Usually what you want is an allocated queue, which means that the values are all on the heap. There are two types: AllocBoundedQueue, which is the bounded queue but heap-allocated, and the UnboundedQueue which is always heap allocated.

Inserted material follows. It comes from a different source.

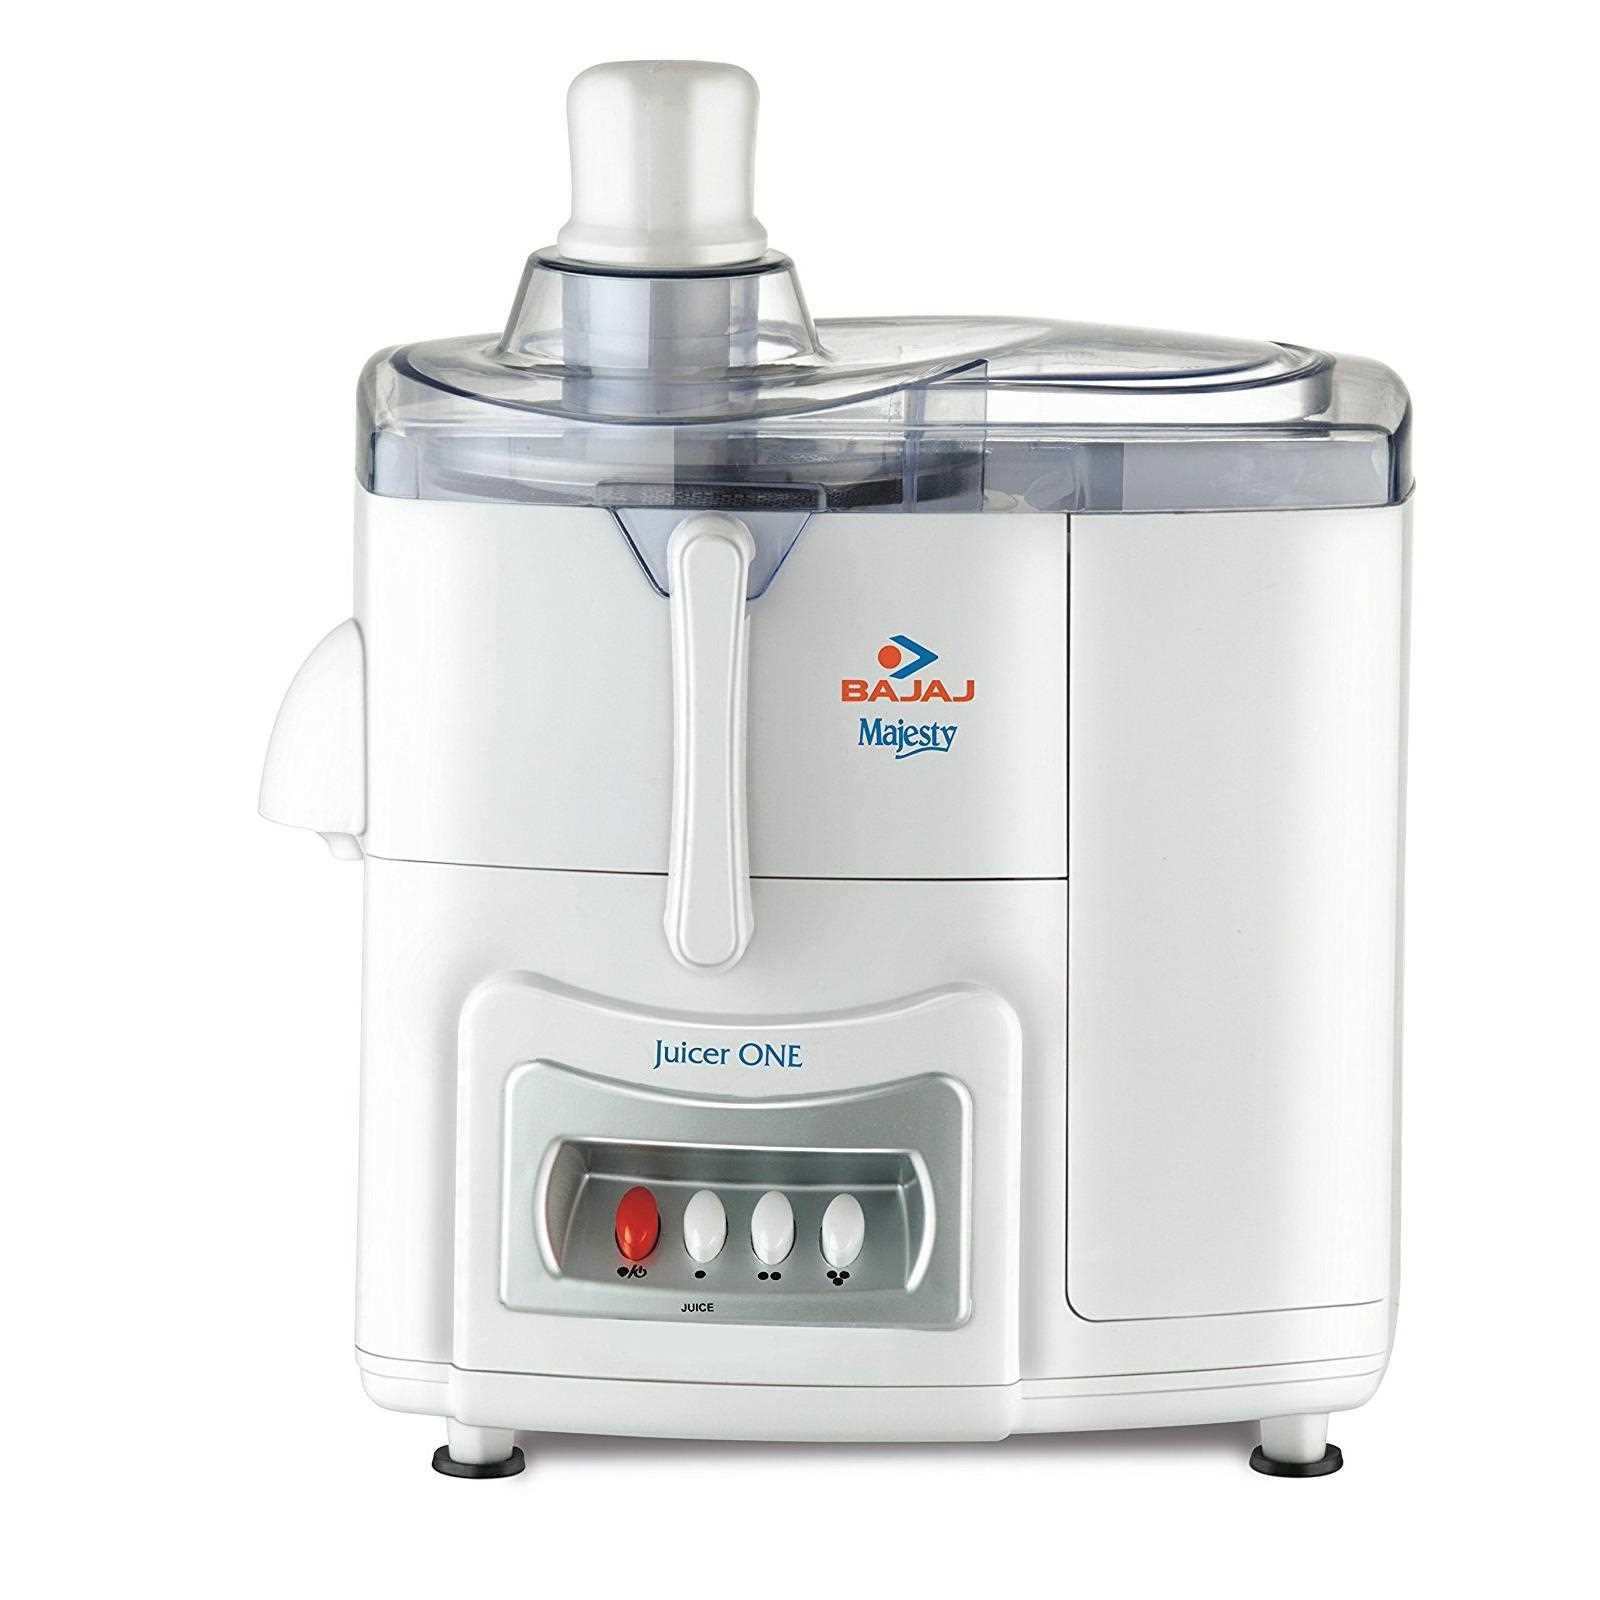 Bajaj Majesty One 500 W Juicer

// Import the allocated quuees.
use lfqueue::AllocBoundedQueue;

// Make an allocated queue of size 8.
let queue = AllocBoundedQueue::new(8);
assert!(queue.enqueue(0).is_ok()); // this should enqueue correctly.
assert_eq!(queue.dequeue(), Some(0));

You may also want an UnboundedQueue, which requires std which is enabled by default. These are created with an initial segment size:

use lfqueue::UnboundedQueue;

// Make an unbounded queue.
let queue = UnboundedQueue::new(8);
queue.enqueue(0);
assert_eq!(queue.dequeue(), Some(0));

Additionally, if you must have the len method, there are CountedUnboundedQueues which introduce the method at a small performance penalty. They work the same as UnboundedQueue, except that as of now you cannot have handles to them.

Constant Queues

This queue is not backed by the heap and instead lives on the stack. These can be created manually, but we almost always want to use the macro which will set it up easily.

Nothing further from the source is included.